Using a random IV / nonce for GCM has been specified as an official recommendation by - for instance - NIST. If anybody suggests differently then that's up to them.
The birthday problem greatly increases the chance of an IV collision when a random IV is used. With the default size of the nonce (12 bytes or 96 bits) the chance of a collision isn't high. It is still possible to encrypt over a billion files or messages before the mode becomes vulnerable.
If GCM becomes vulnerable then an adversary may find the (internal) key used to generate the authentication tag. Besides that, as GCM uses CTR mode internally, so the confidentiality of the data within the files / messages is likely lost. So if an IV is ever repeated GCM will fail spectacularly.

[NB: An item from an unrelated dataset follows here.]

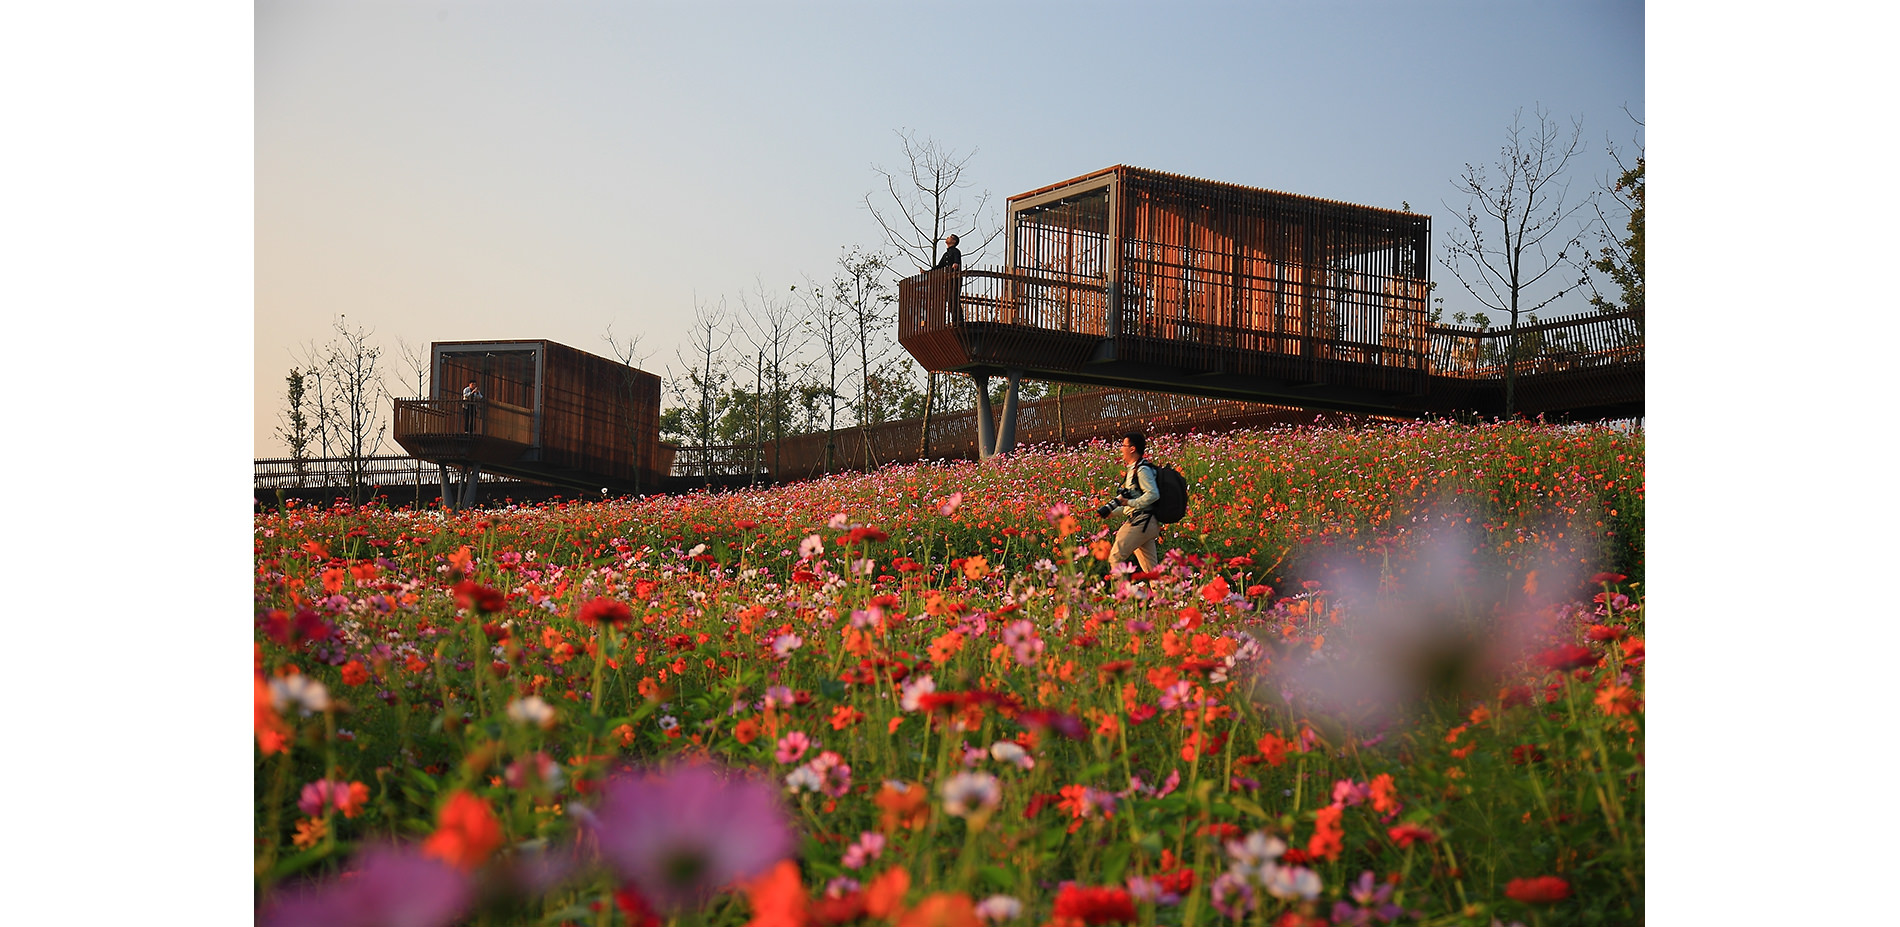 Pavilions and Skywalks Above a Field of Annual Flowers

Careful protocol design and implementation of the random IV are required because of the above limitations and vulnerabilities. It is therefore advisable to use a well tested cryptographic random number generator to generate the values of the IV.
More information on the generation of the IV and the resulting limitations is available in sections 8.2 and 8.3 of the NIST specification SP 800-38D on GCM.
In the NIST specs it is required to use the full 96 bits for the random IV. So there aren't any spare bits to include other information within the IV, as using an IV other than the default size of 96 bits is not advisable.
NIST specifies a limit of of 2^32 (four billion) messages to be encrypted with the same key for the randomly generated IV.